* [Instructions for the task]: The lines to return run from the start of the material below through the line holding "Distributori automatici dove", both included; please give them back exactly, minus the pictures.
Material provided Block Start
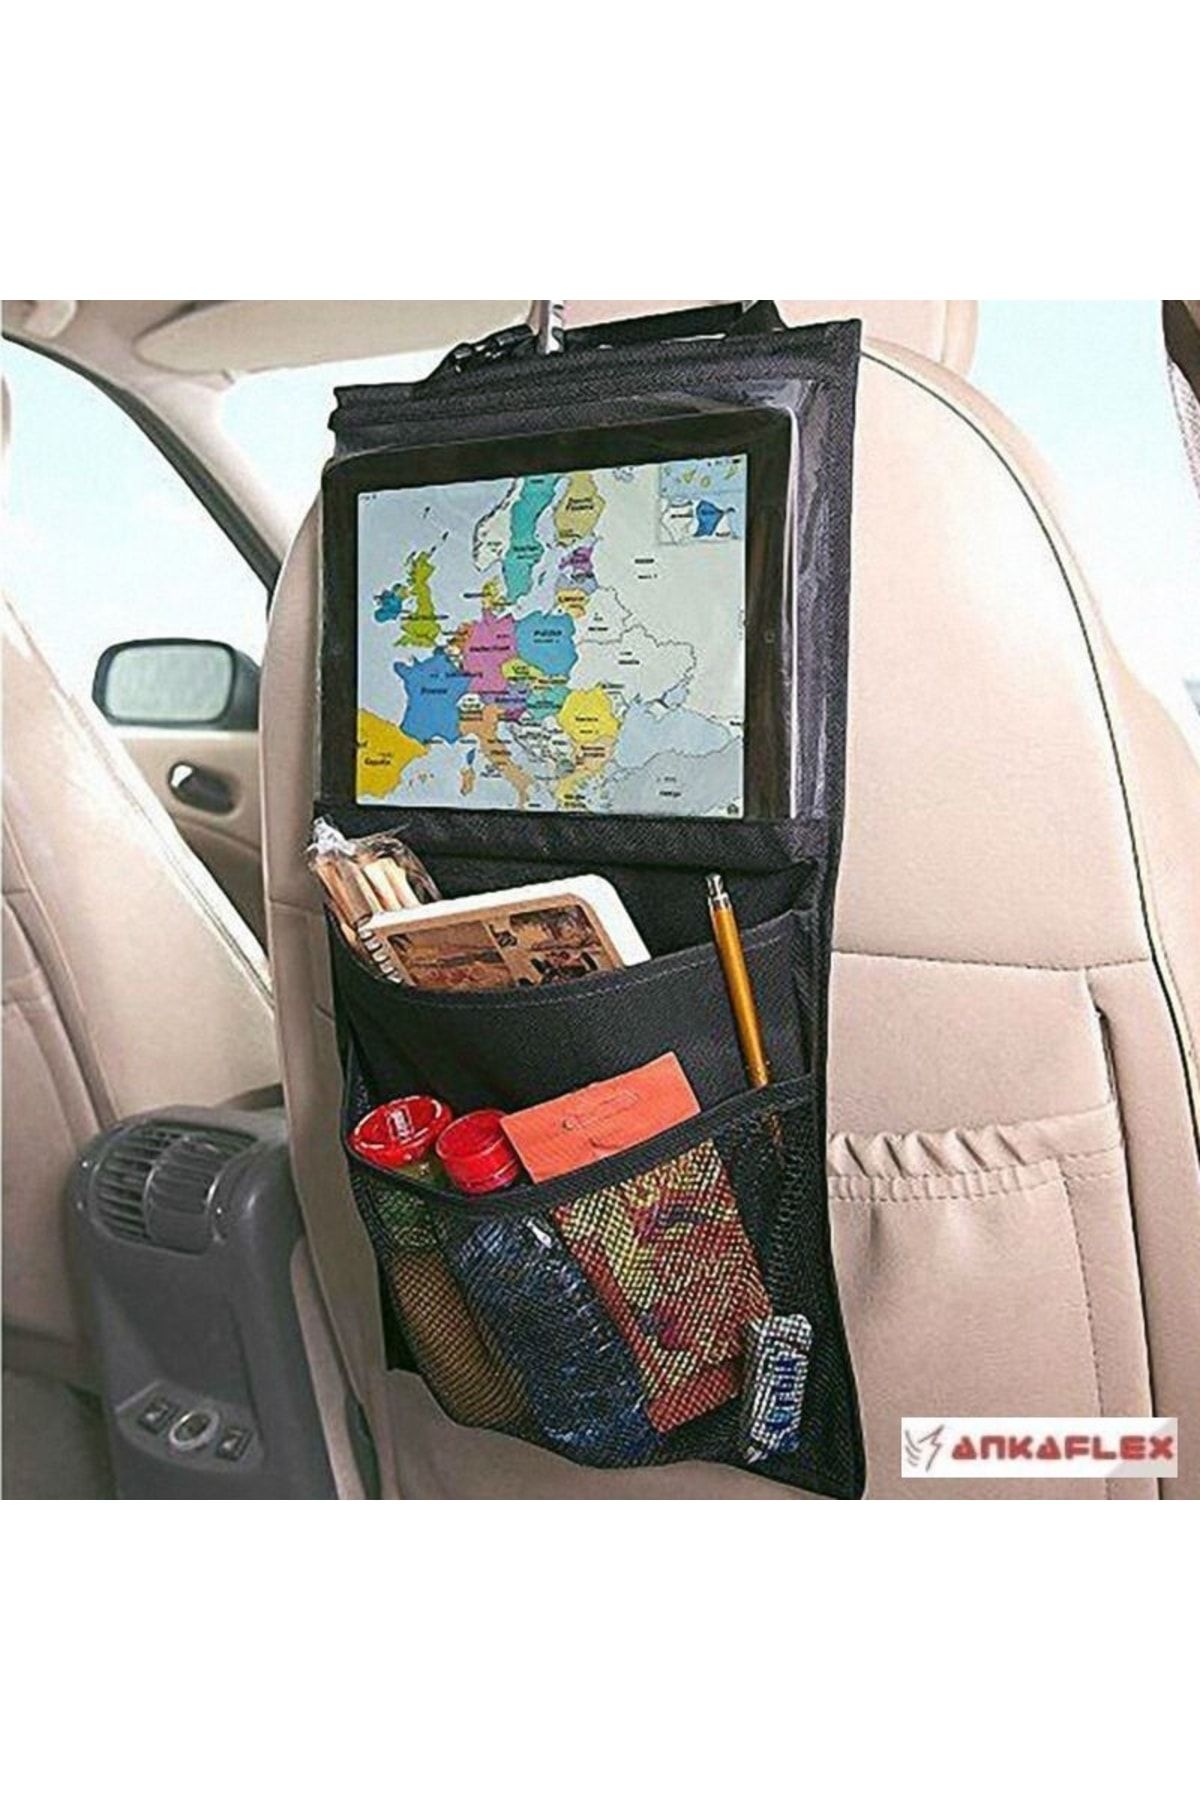 Ankaflex 2 Adet Araba Koltuk Arkası Şeffaf Koruyucu Kılıf Tablet Tutucu Stand Araç Içi Düzenleyici Organizer
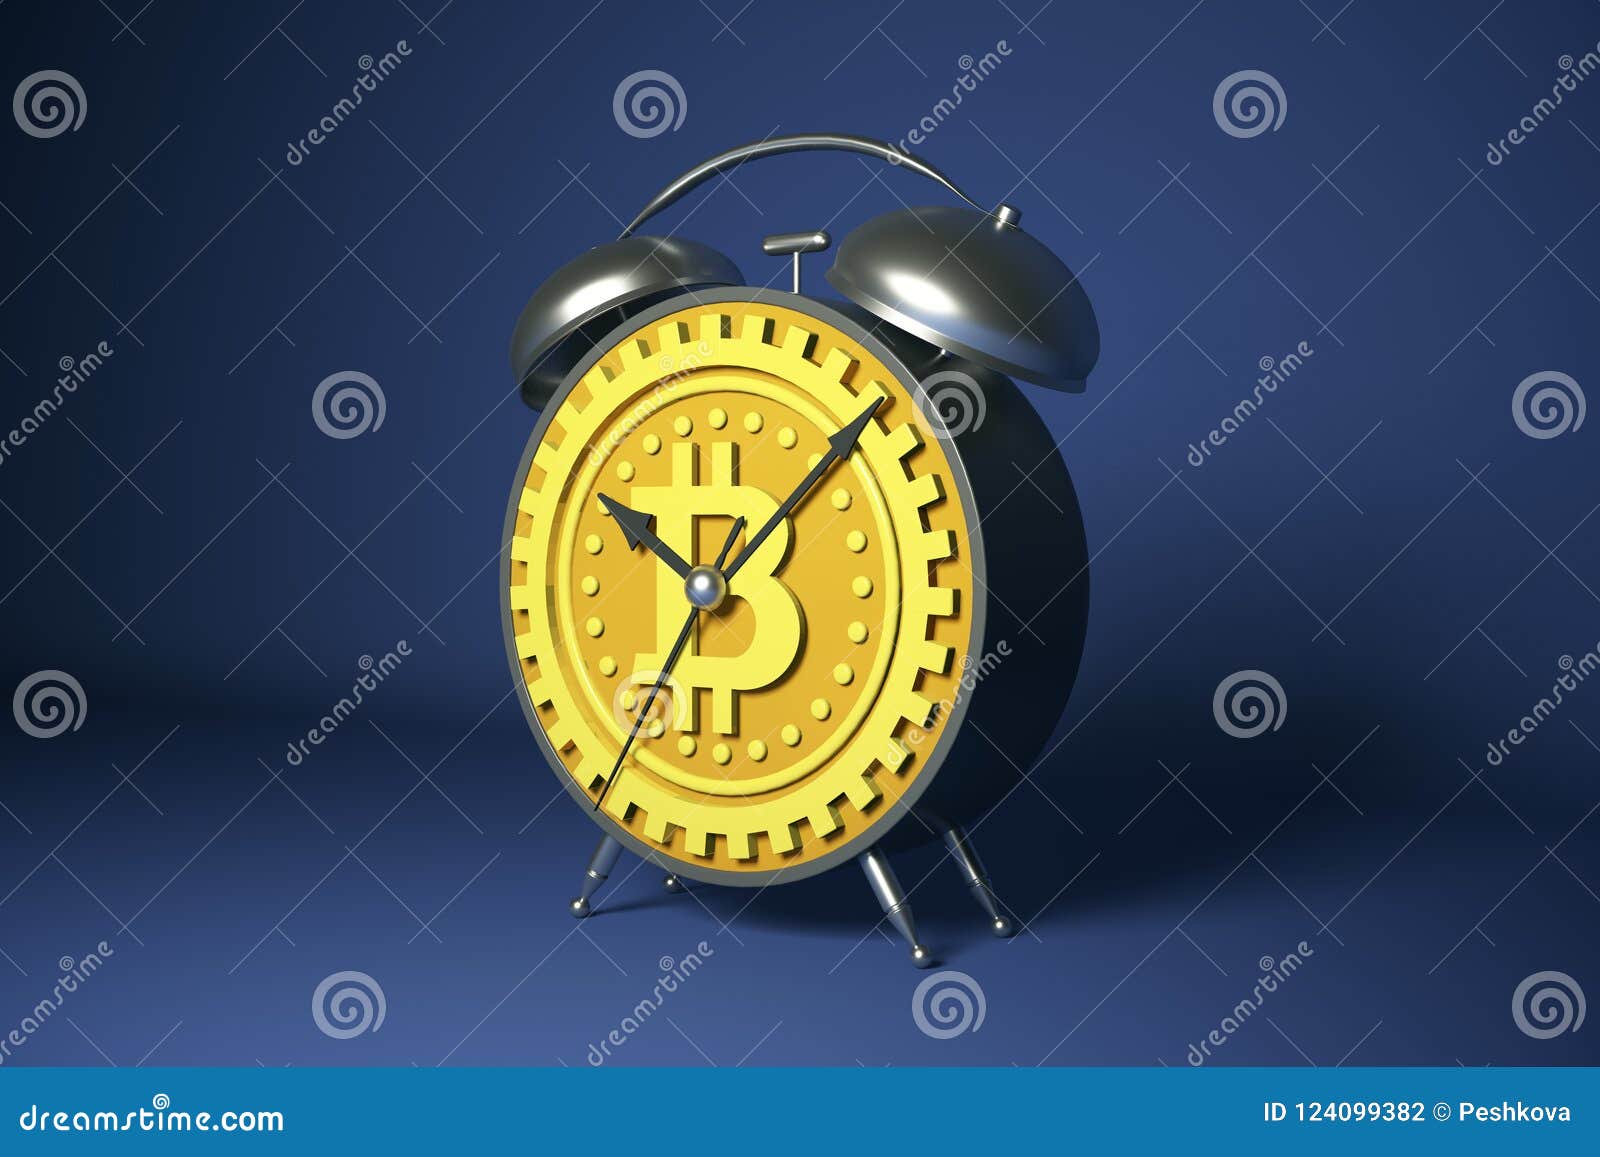 crypto alarm clock
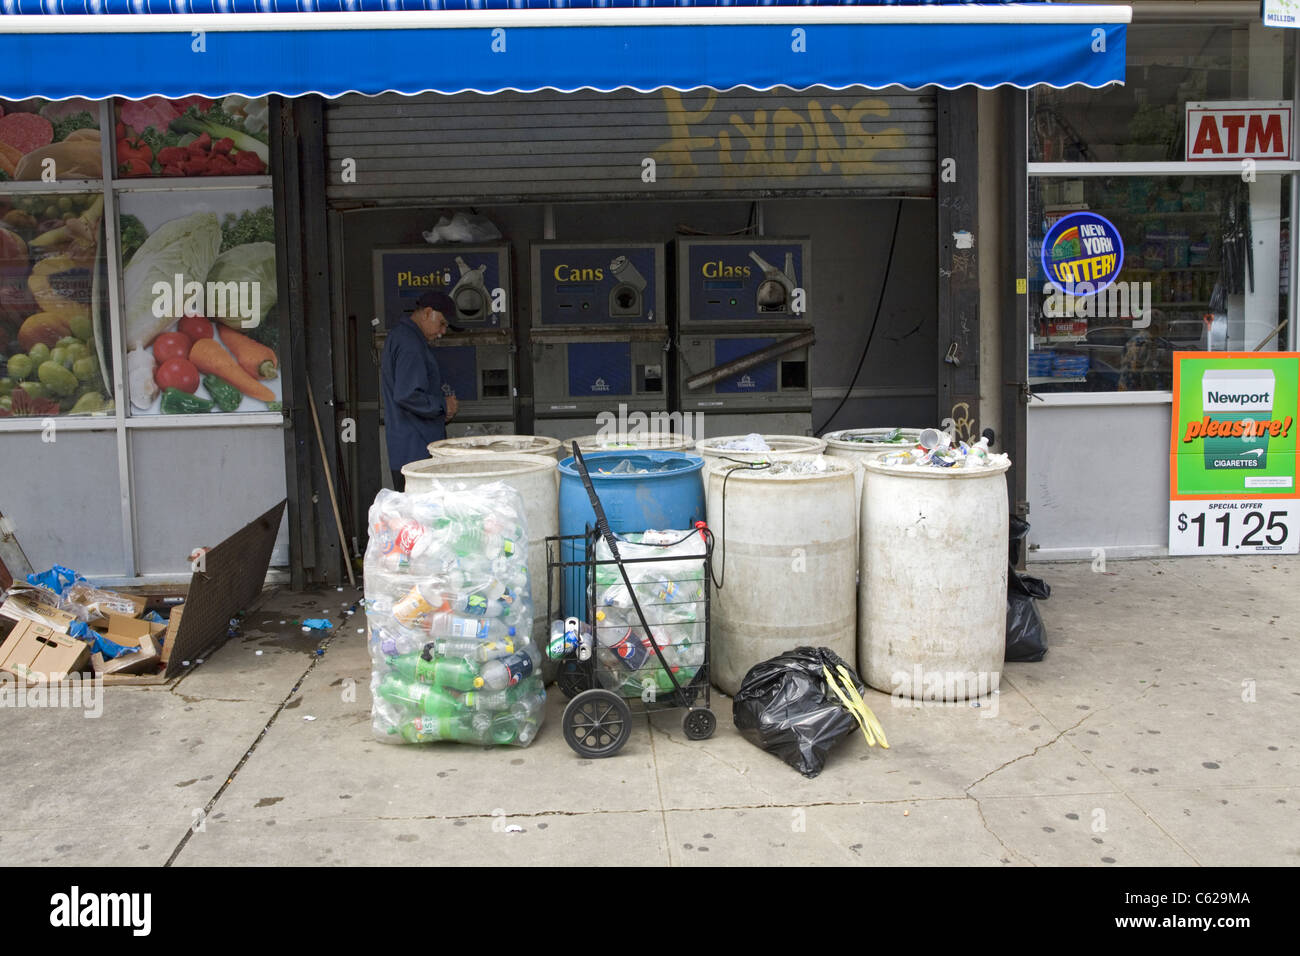 Distributori automatici dove bottiglia i collezionisti possono scambiare alluminio, vetro e plastica per contanti. Flatbush Avenue, Brooklyn, New York. Foto Stock
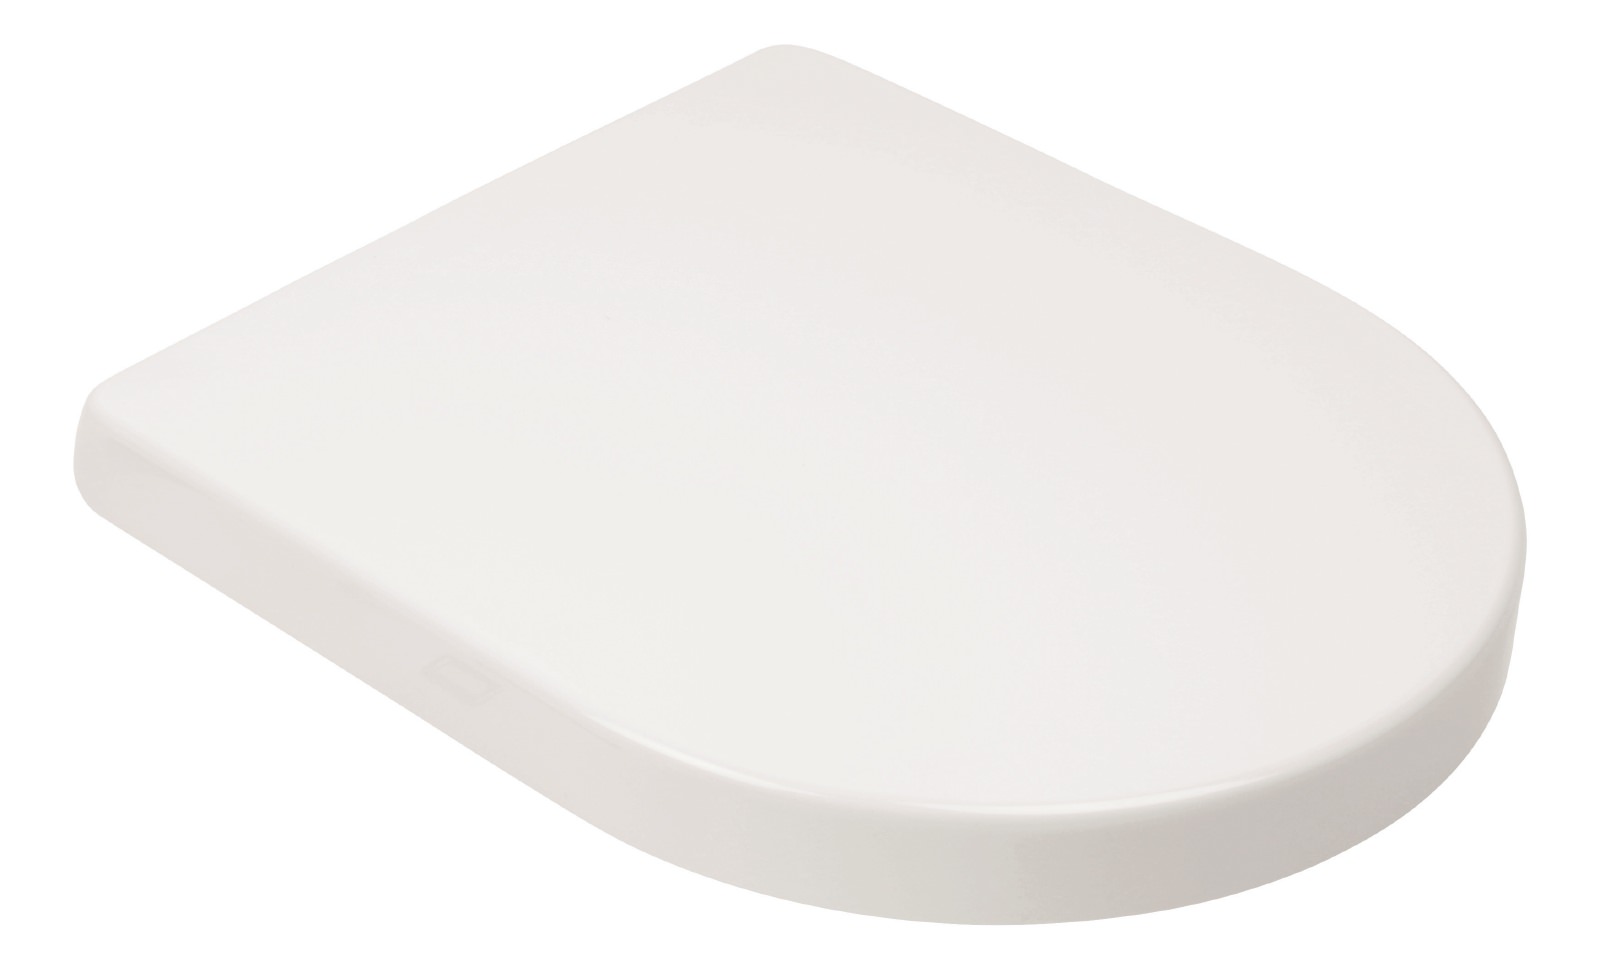 WC-Sitz mit Absenkautomatik Honest in Weiß mit D-Form, überlappend und abnehmbar, Duroplast
Material provided Block End
* [Your solution]:
 Ankaflex 2 Adet Araba Koltuk Arkası Şeffaf Koruyucu Kılıf Tablet Tutucu Stand Araç Içi Düzenleyici Organizer
 crypto alarm clock
 Distributori automatici dove bottiglia i collezionisti possono scambiare alluminio, vetro e plastica per contanti. Flatbush Avenue, Brooklyn, New York. Foto Stock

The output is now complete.